Early childhood – Alcohol seeps into our lives
A shotgun wedding at 16, two children by the age of 18, a family tragedy and a split from a new boyfriend cumulated in a suicide attempt by my mother when I was 5. She moved with my 7-year-old brother and I, far from our loving grandparents to an isolated house in a rural part of the country where the 3 of us were to follow a simple, ‘self-sufficient’ life.
Although she hadn’t finished her convent education after discovering the ‘facts of life’ during her first encounter with my father, my mum was intelligent and a fast learner. She was also intrepid, funny and glamorously beautiful. She set up a small-holding with chickens, geese, goats, horses and a Jersey cow and we got stuck into ‘The Good Life’.
All social life revolved around the local pub which did not allow children through the door. We started dreading the increasingly regular ‘quick drink’, being left in the tiny muddy car park without any sense of time or anything to do (no books, no radio, no lights) for hour upon hour. Sometimes someone would weave their way out with a bag of crisps but we never knew if or when that would happen. Eventually it would get to closing time and she would drive home through the dark lanes. We survived her first drink-drive accident somehow avoiding prosecution, which is probably why that didn’t deter her. She took to going to upstairs to sleep every afternoon, shouting down when we started to bicker out of boredom.

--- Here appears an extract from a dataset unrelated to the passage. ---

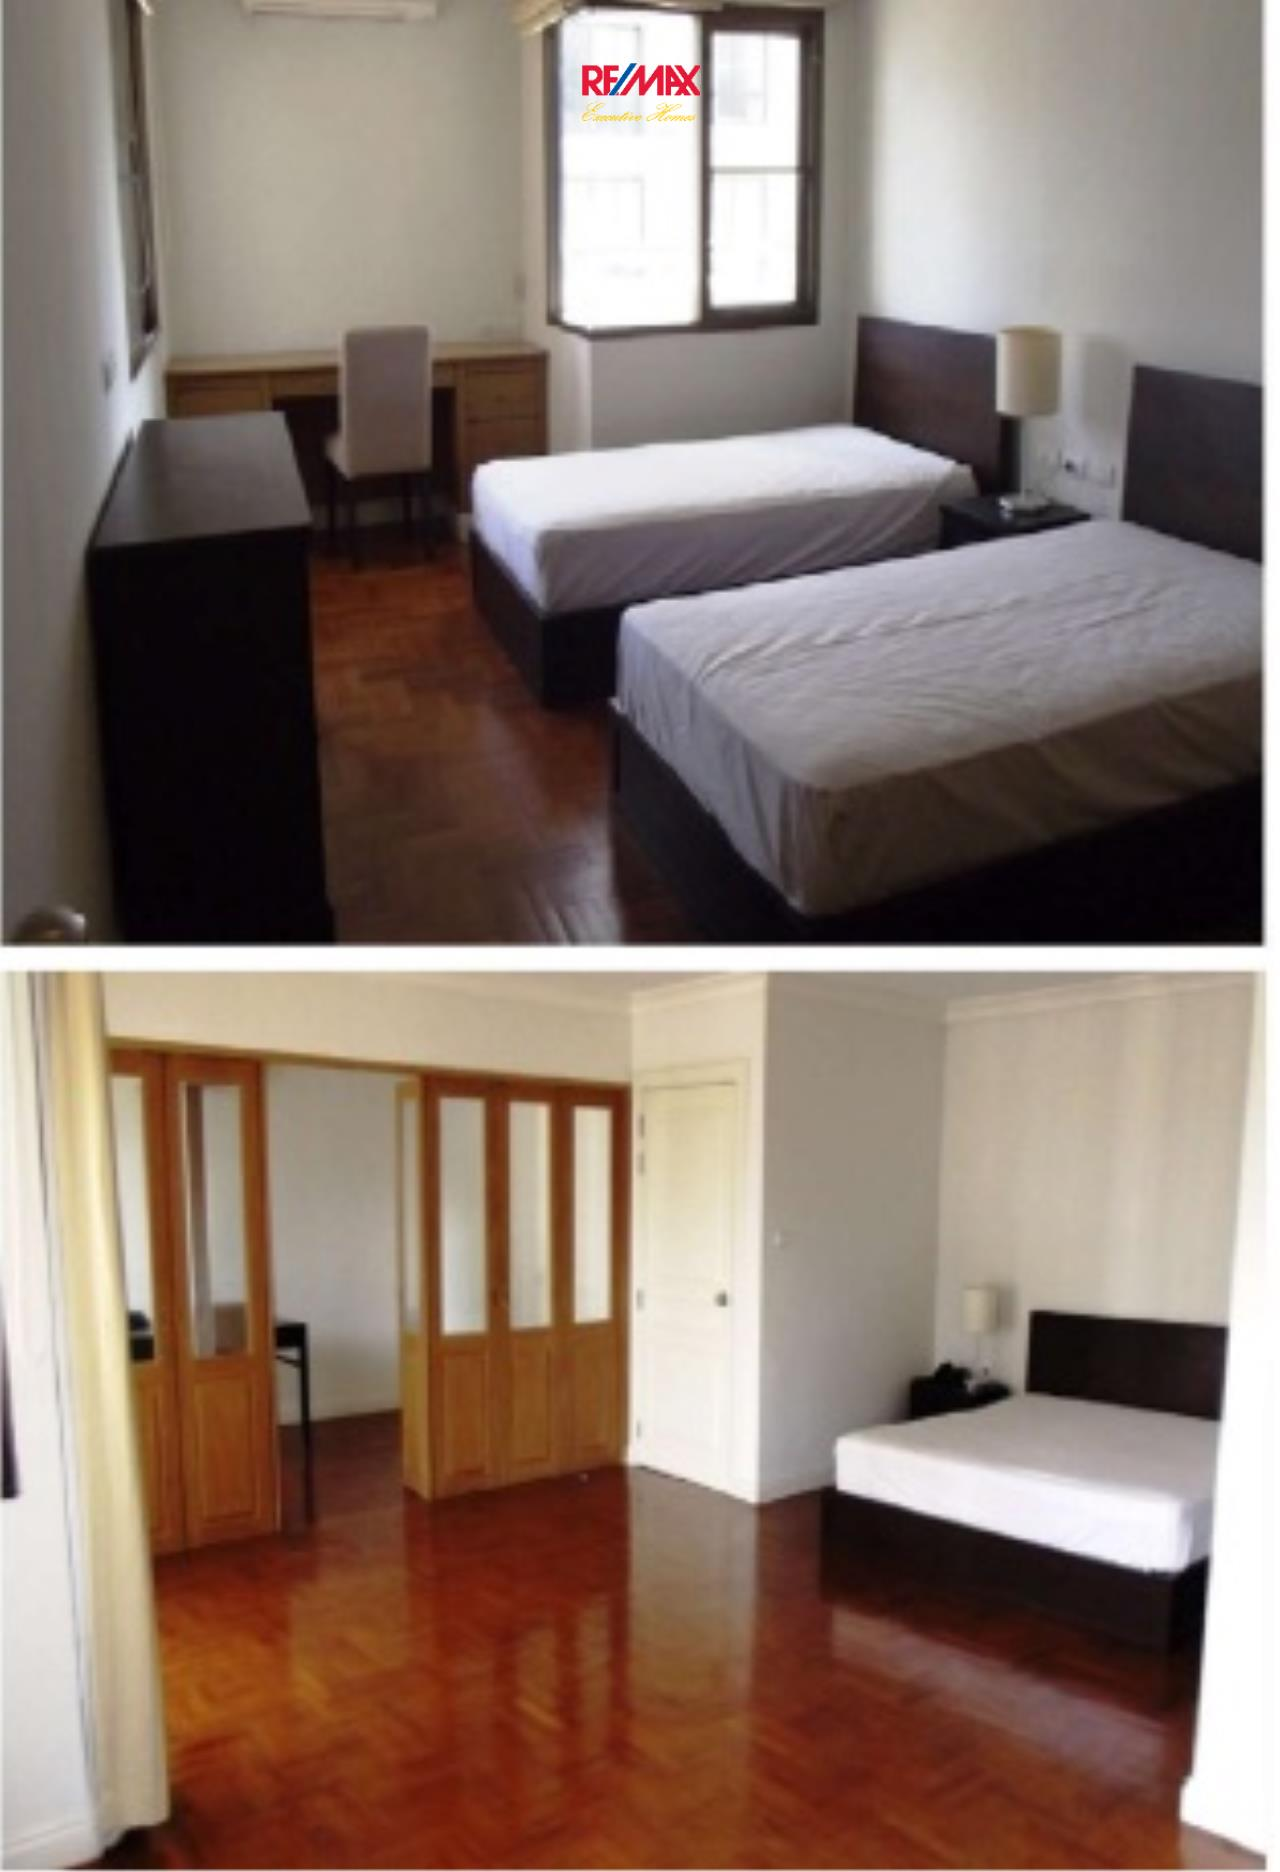 RE/MAX Executive Homes Agency's Large 3 Bedroom Duplex for Rent Baan Sawasdee 2

Arguments were epic and scary
Occasionally my mum would say she was going out for a bit and we would stay at home until she re-appeared. Those are my earliest memories of worry; I loved her so much. One day she left, saying she would be back soon. After what seemed like hours, I was so anxious that we took our bikes to look for her and promptly got lost. Meanwhile mum had eventually returned to the empty house, drunk and hysterical at our disappearance. Police arrived and started beating down the tall bracken surrounding our house and had patrols out looking for any sign of us as the sun started to set. A schoolgirl had been snatched and murdered in our area that year.
Friends from surrounding villages formed search parties and we were picked up and delivered home. I will never forget the drunken and unfiltered rage with which we were greeted and how frightened and confused I was as she screamed ‘You little bitch, how dare you do this to me’ and then turned and slapped my brother full across the face, in front of the police. Shortly after, I turned 6 and was told that we would start weekly boarding, funded by our desperately concerned grandfather. The school was run by fear, Victorian values and corporal punishment.
There was no escape
That same year, a visit to the pub resulted in inebriated liaisons with a young sailor home from leave and mum became pregnant. He was affable and naïve, aged 23 and we were told he was to become our step-father. His professional parents were horrified at their son’s choice and couldn’t hide their chilliness towards us but the wedding was rushed through. We moved house again (bigger, just as remote), he went back to sea, the baby was born and met her dad 6 months later. It became apparent that my sibling wasn’t the only thing they had in common. My new step-father was a binge drinker and used to disappear for days at a time, unable to cope with his sudden responsibilities, driving my mum to fury and more drink.
The arguments were epic and scary – there was no escape, no one to talk to (even if I had realised the problem) and no access to a phone. Money got tighter, the plans to add heating to the house were abandoned and we had the coldest winter on record. I didn’t understand why at the time but I was sent to a full-time boarding school an 8-hour round trip away and my grandparents moved (ironically from that same county) to live near my mother, knowing that she was struggling but not about her deepening addiction. This was the period that alcohol took a hold and started to influence the rest of my and my sibling’s futures, whilst from the outside I was seen to be a lucky, privileged child with no right to complain about a thing – so I did not.